### [Data under study]
┄┄┄┄┄┄┄┄┄┄┄┄┄┄┄┄┄┄┄┄
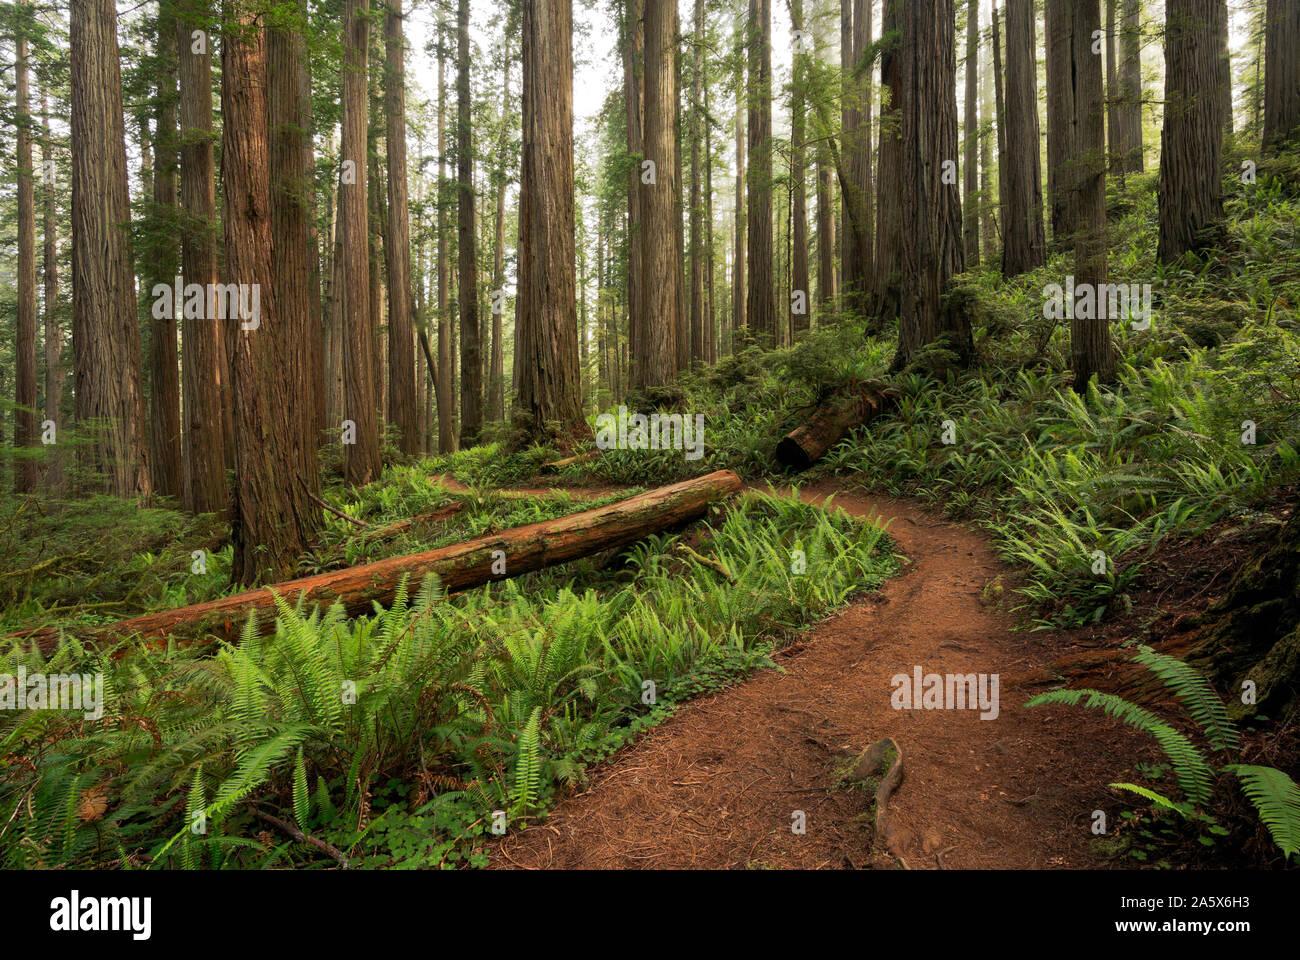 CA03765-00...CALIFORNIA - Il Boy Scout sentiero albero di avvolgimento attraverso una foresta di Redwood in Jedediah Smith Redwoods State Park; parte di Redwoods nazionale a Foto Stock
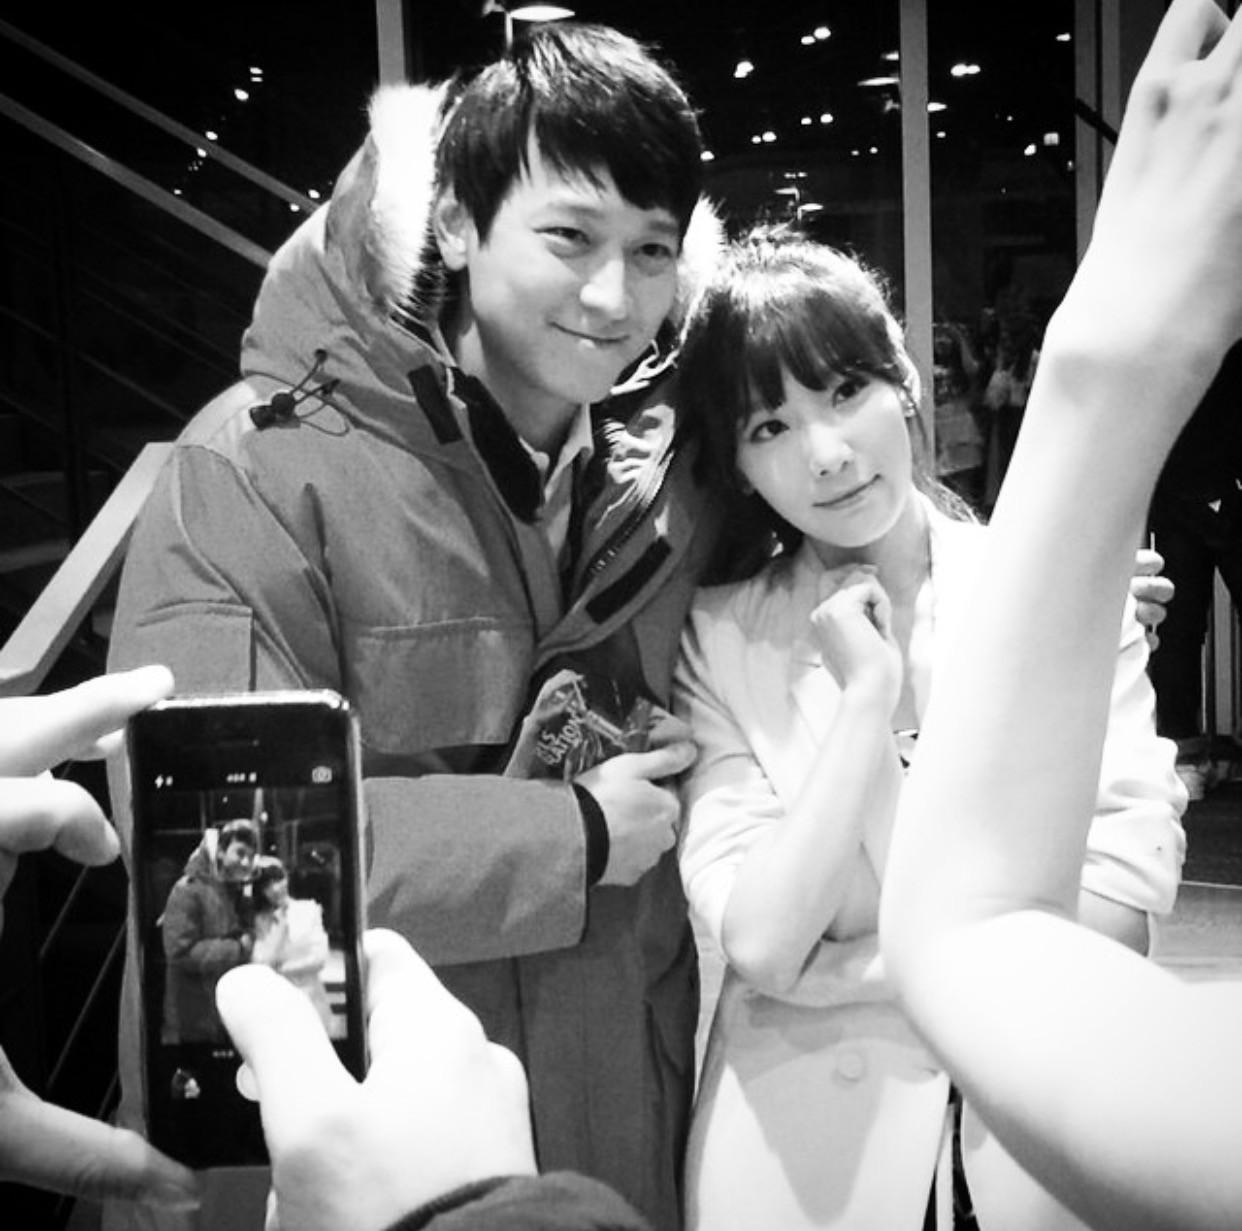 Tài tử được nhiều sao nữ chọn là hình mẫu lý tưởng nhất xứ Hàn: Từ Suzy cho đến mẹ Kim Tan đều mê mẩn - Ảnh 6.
┄┄┄┄┄┄┄┄┄┄┄┄┄┄┄┄┄┄┄┄
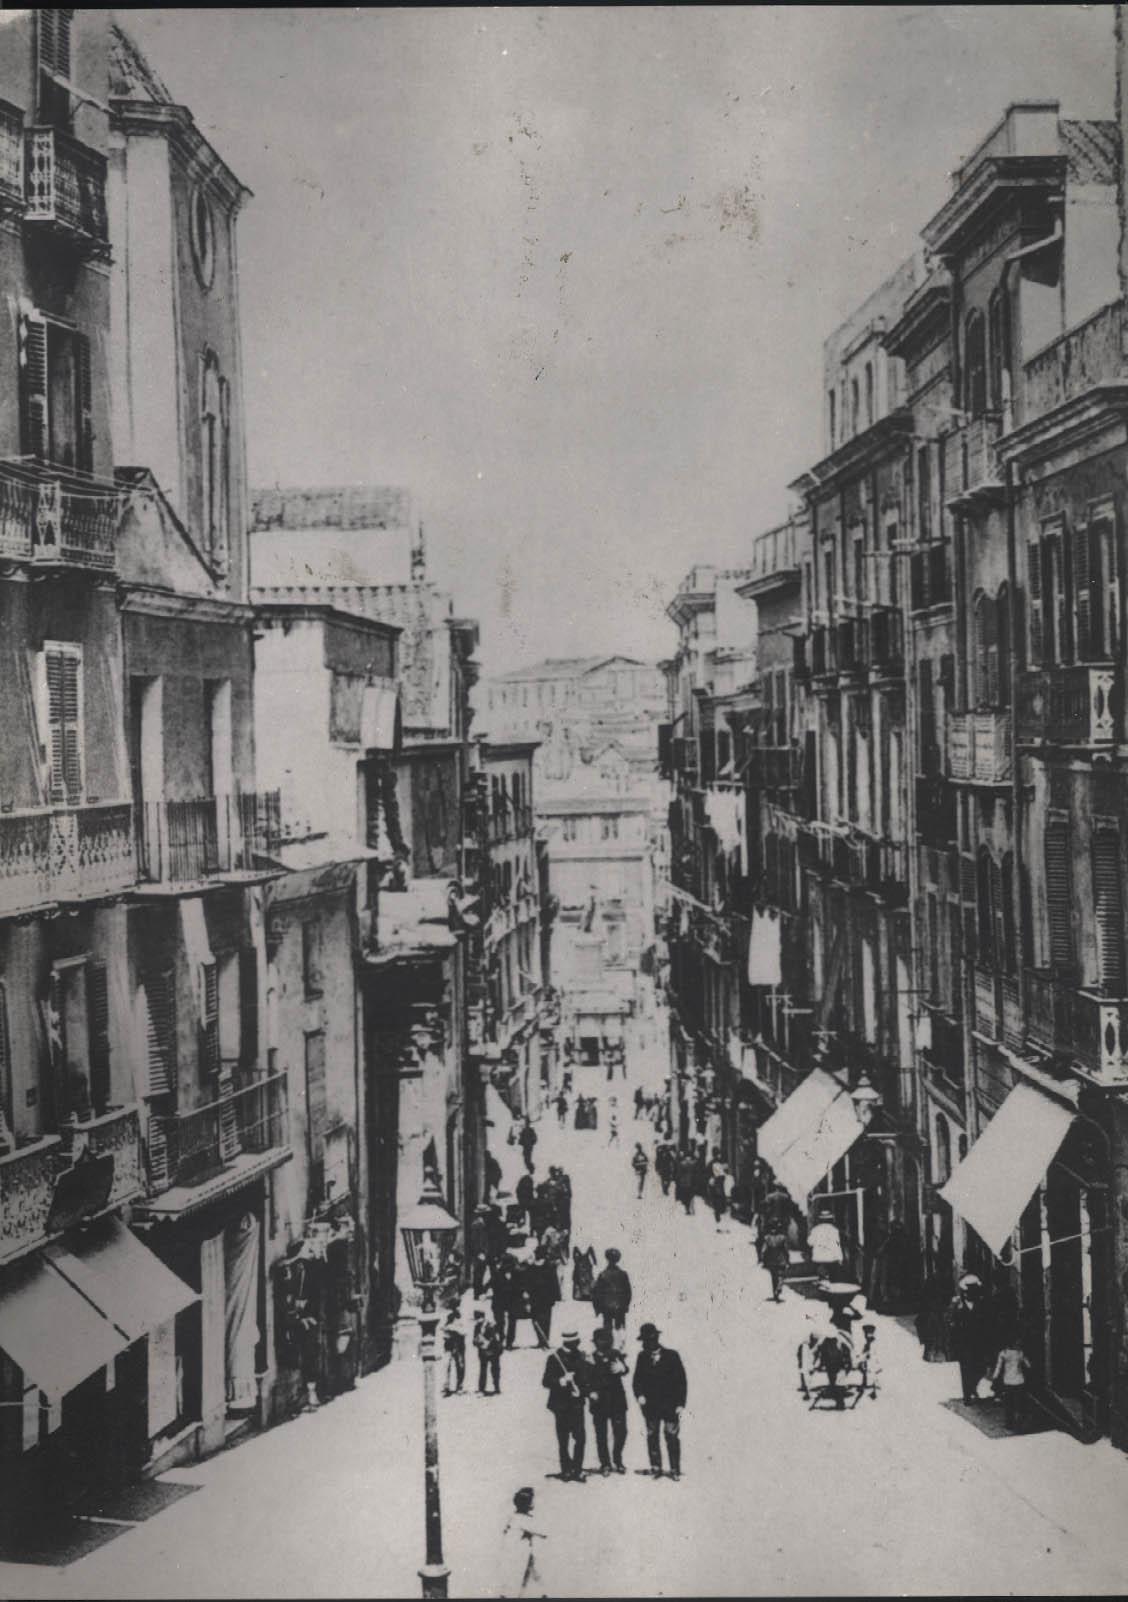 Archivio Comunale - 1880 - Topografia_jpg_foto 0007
┄┄┄┄┄┄┄┄┄┄┄┄┄┄┄┄┄┄┄┄
### [Task to carry out]
Everything from the line above that contains "CA03765-00...CALIFORNIA - Il" down to the line that contains "Tài tử được" must be reproduced exactly, both ends included. Omit the pictures.

### [Response]
 CA03765-00...CALIFORNIA - Il Boy Scout sentiero albero di avvolgimento attraverso una foresta di Redwood in Jedediah Smith Redwoods State Park; parte di Redwoods nazionale a Foto Stock
 Tài tử được nhiều sao nữ chọn là hình mẫu lý tưởng nhất xứ Hàn: Từ Suzy cho đến mẹ Kim Tan đều mê mẩn - Ảnh 6.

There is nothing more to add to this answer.